**TASK DIRECTIONS:** Your answer should hold only the lines from the one with "FirstStop logo.jpg" through the end of the records, repeated exactly and minus any pictures.

RECORDS FOR THIS TASK START

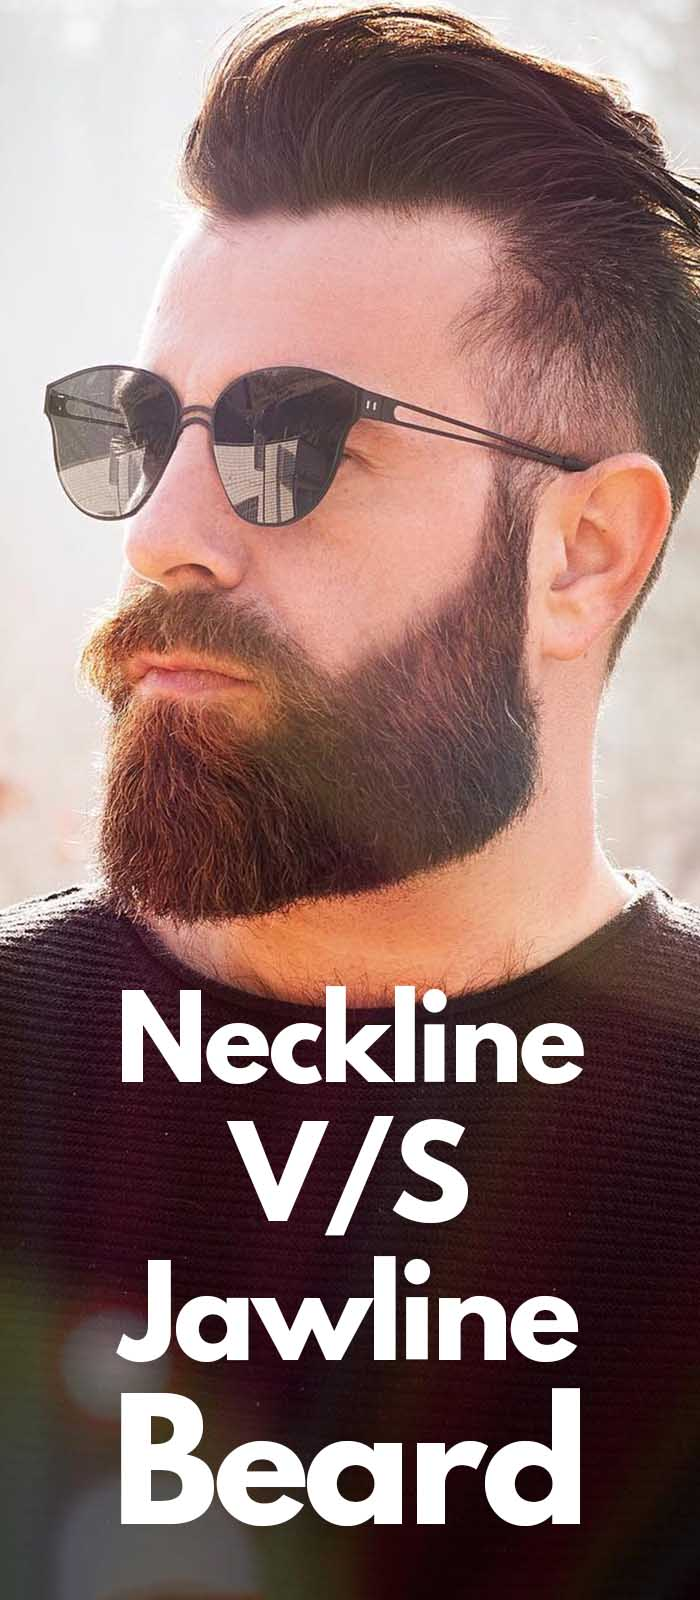 Neckline Beard VS Jawline Beard
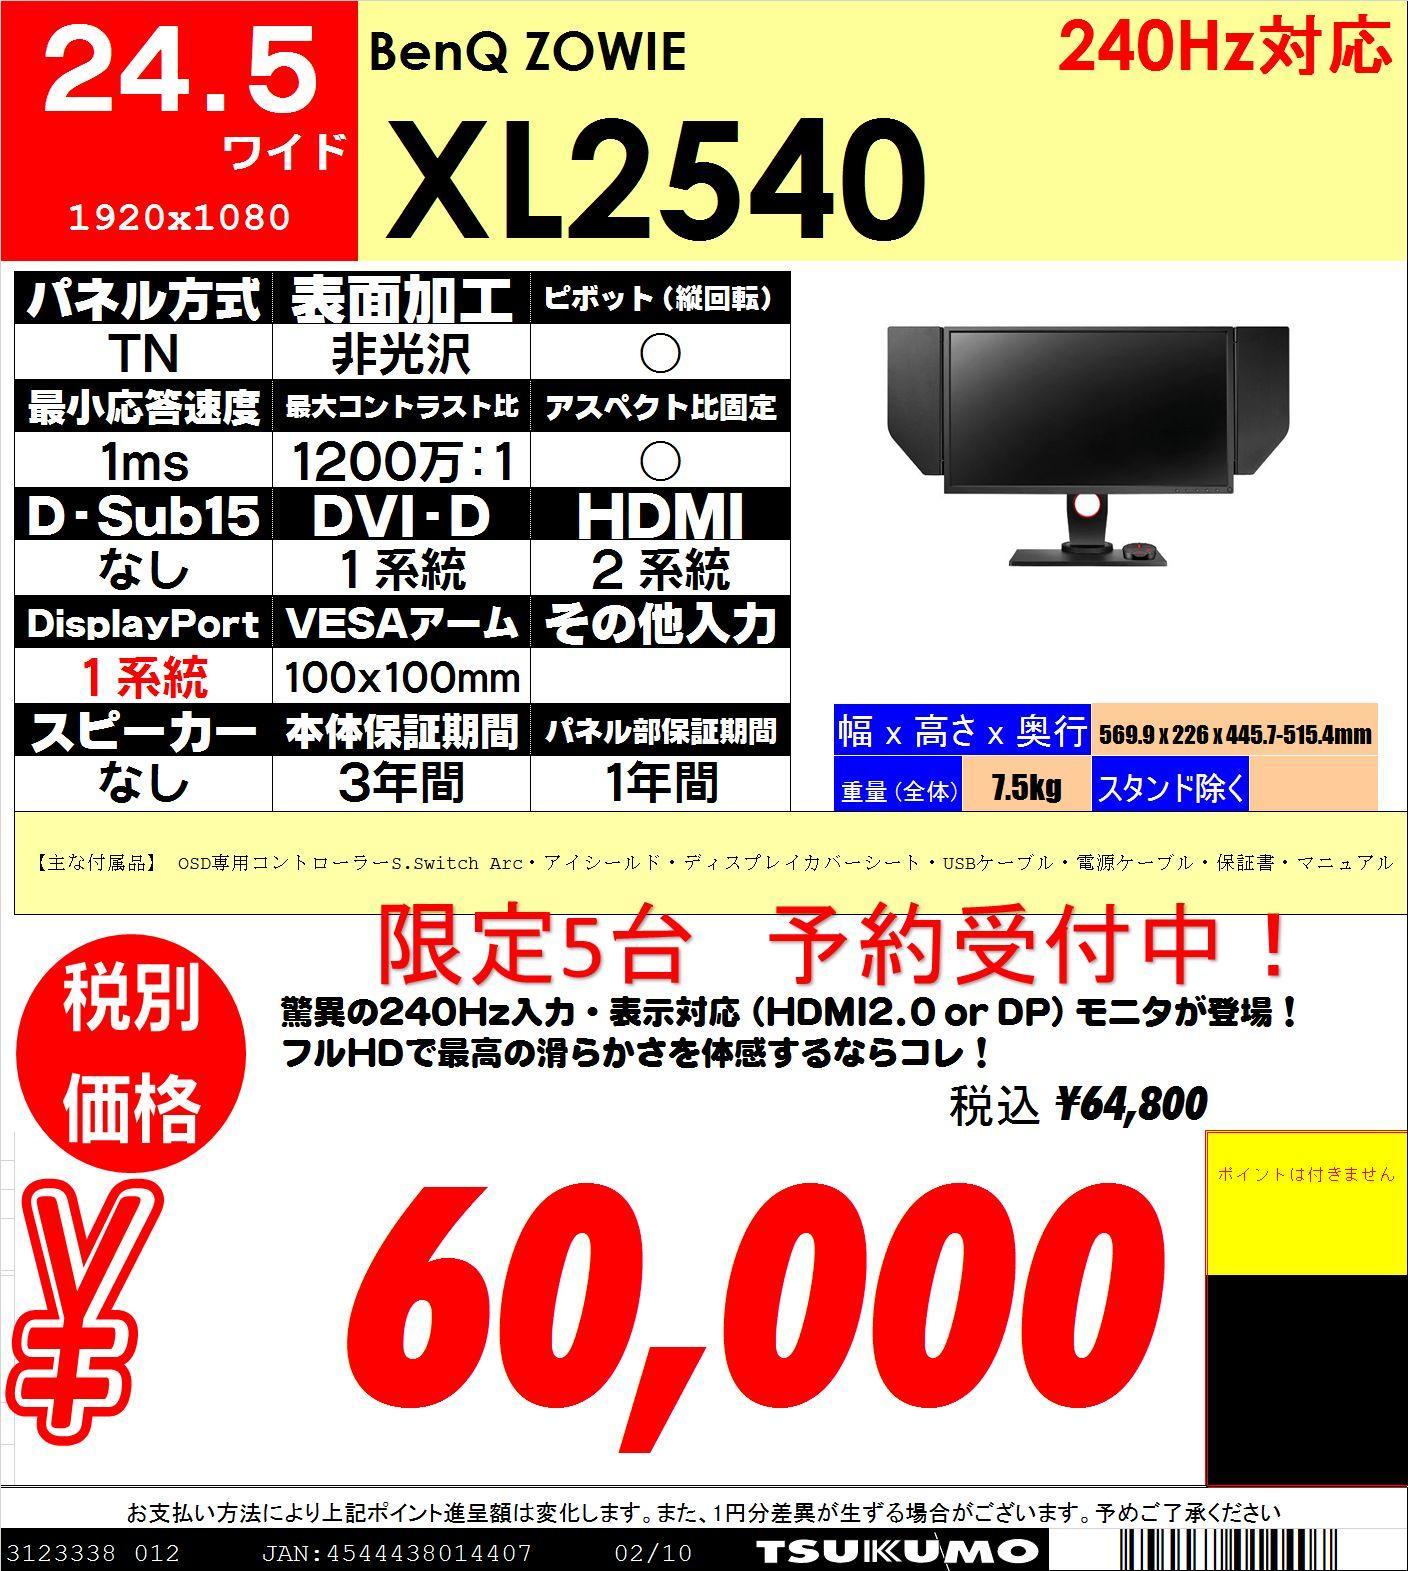 XL2540_Preorder.jpg
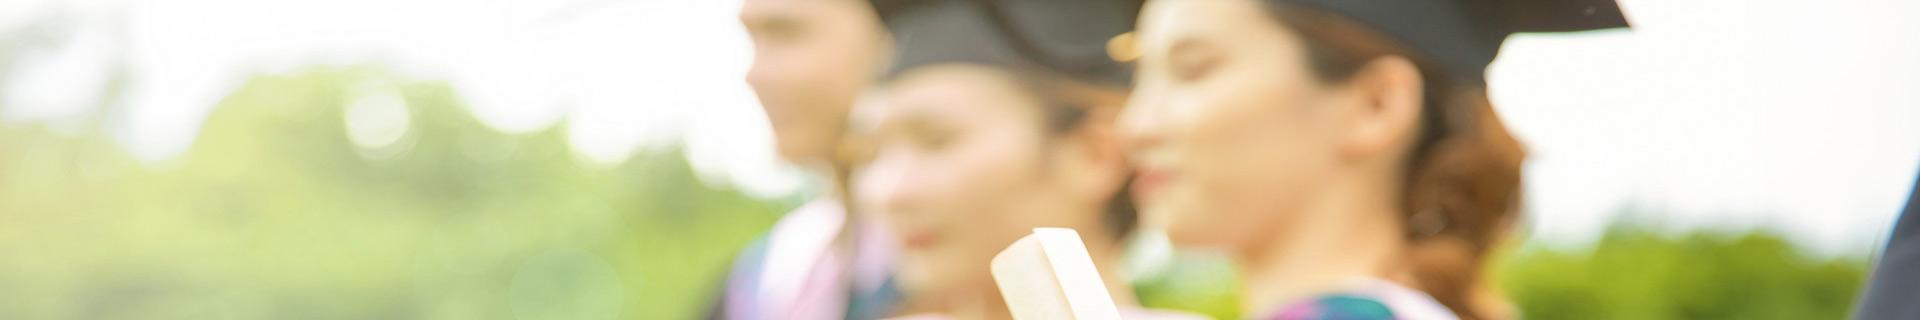 RG-UClass有课互动教学系统
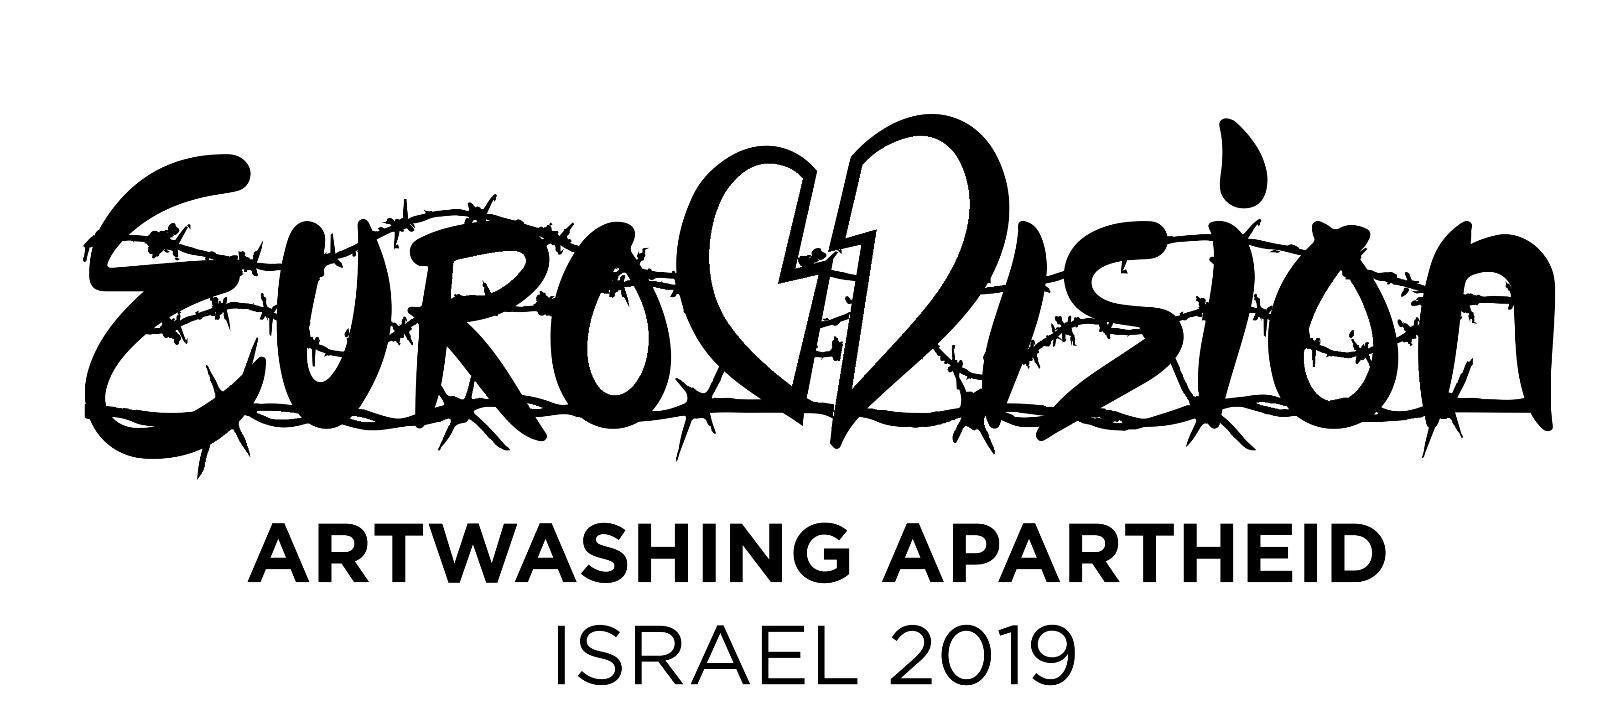 Boycott Eurovision 2019 | BDS Movement
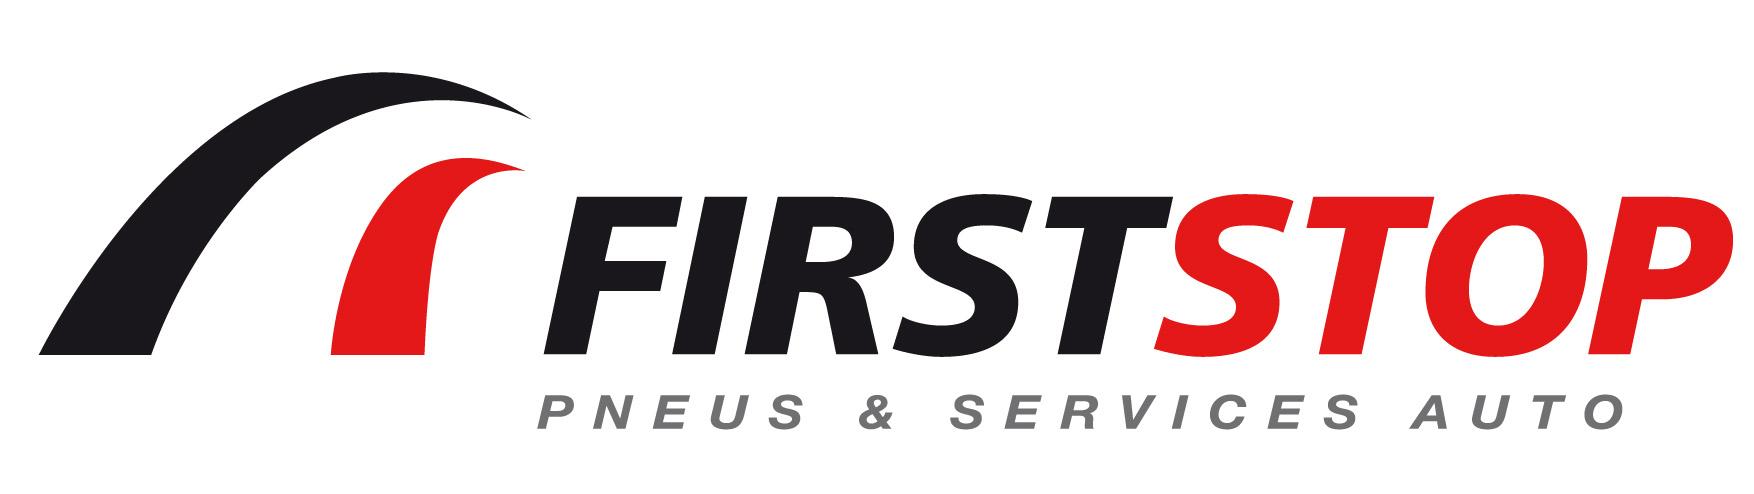 FirstStop logo.jpg
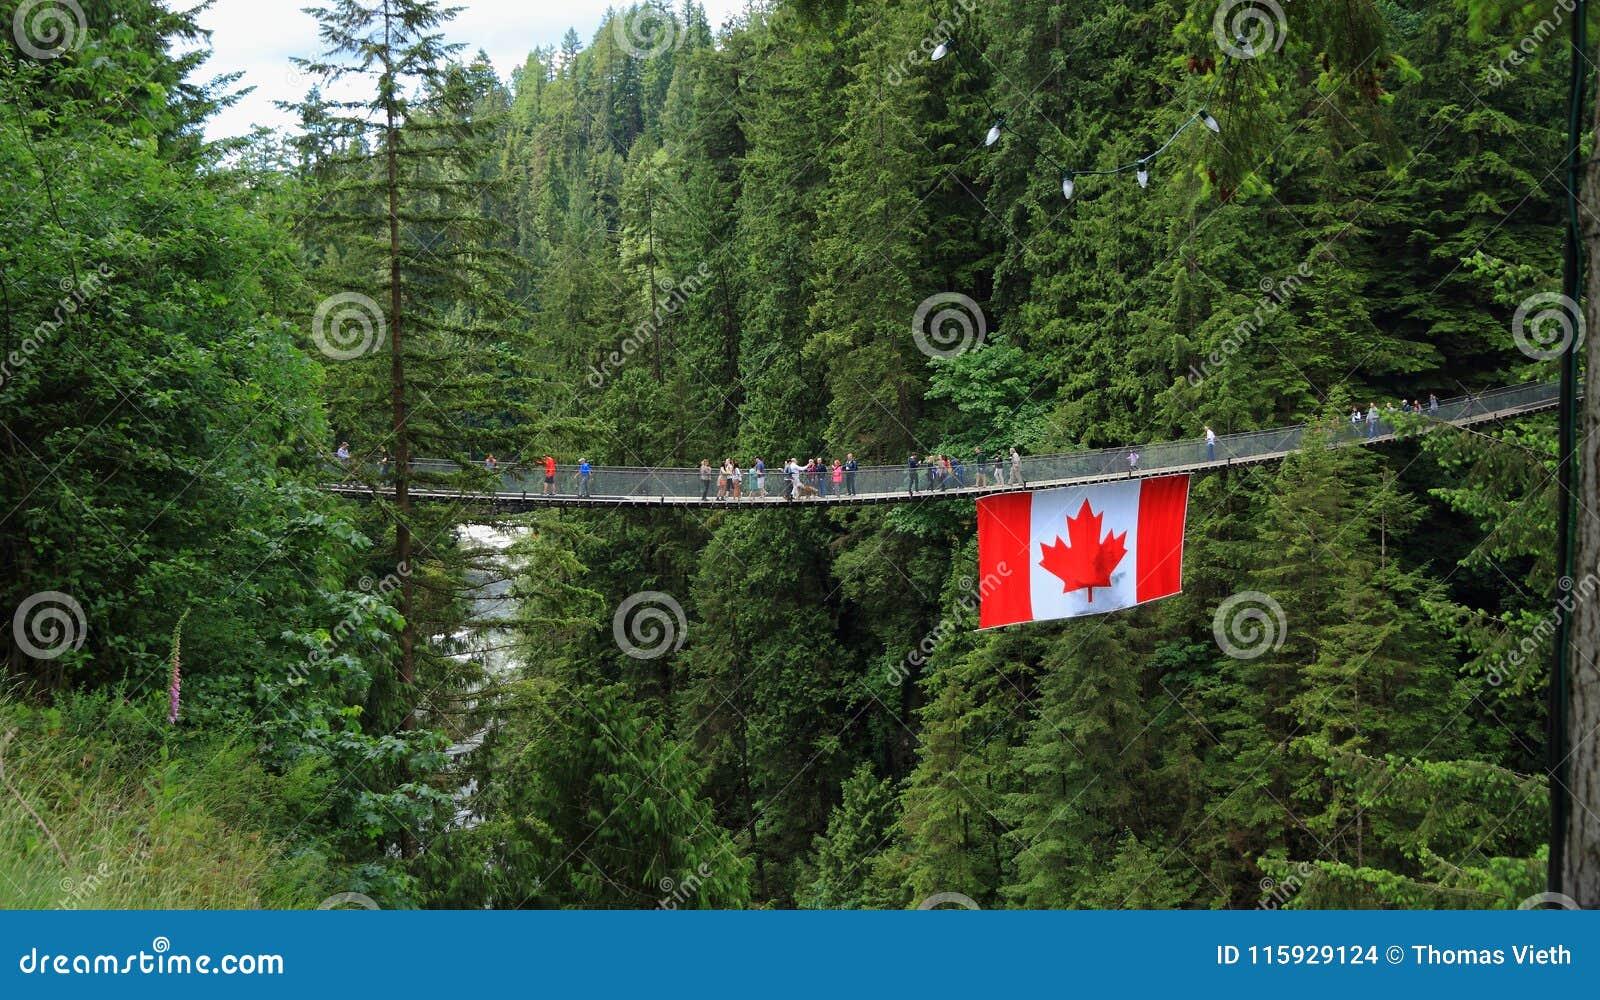 Vancouver, Kanada: Tourismus - Capilano-Hängebrücke mit kanadischer Flagge

RECORDS FOR THIS TASK END

**ANSWER TO THE EXERCISE:**
 FirstStop logo.jpg
 Vancouver, Kanada: Tourismus - Capilano-Hängebrücke mit kanadischer Flagge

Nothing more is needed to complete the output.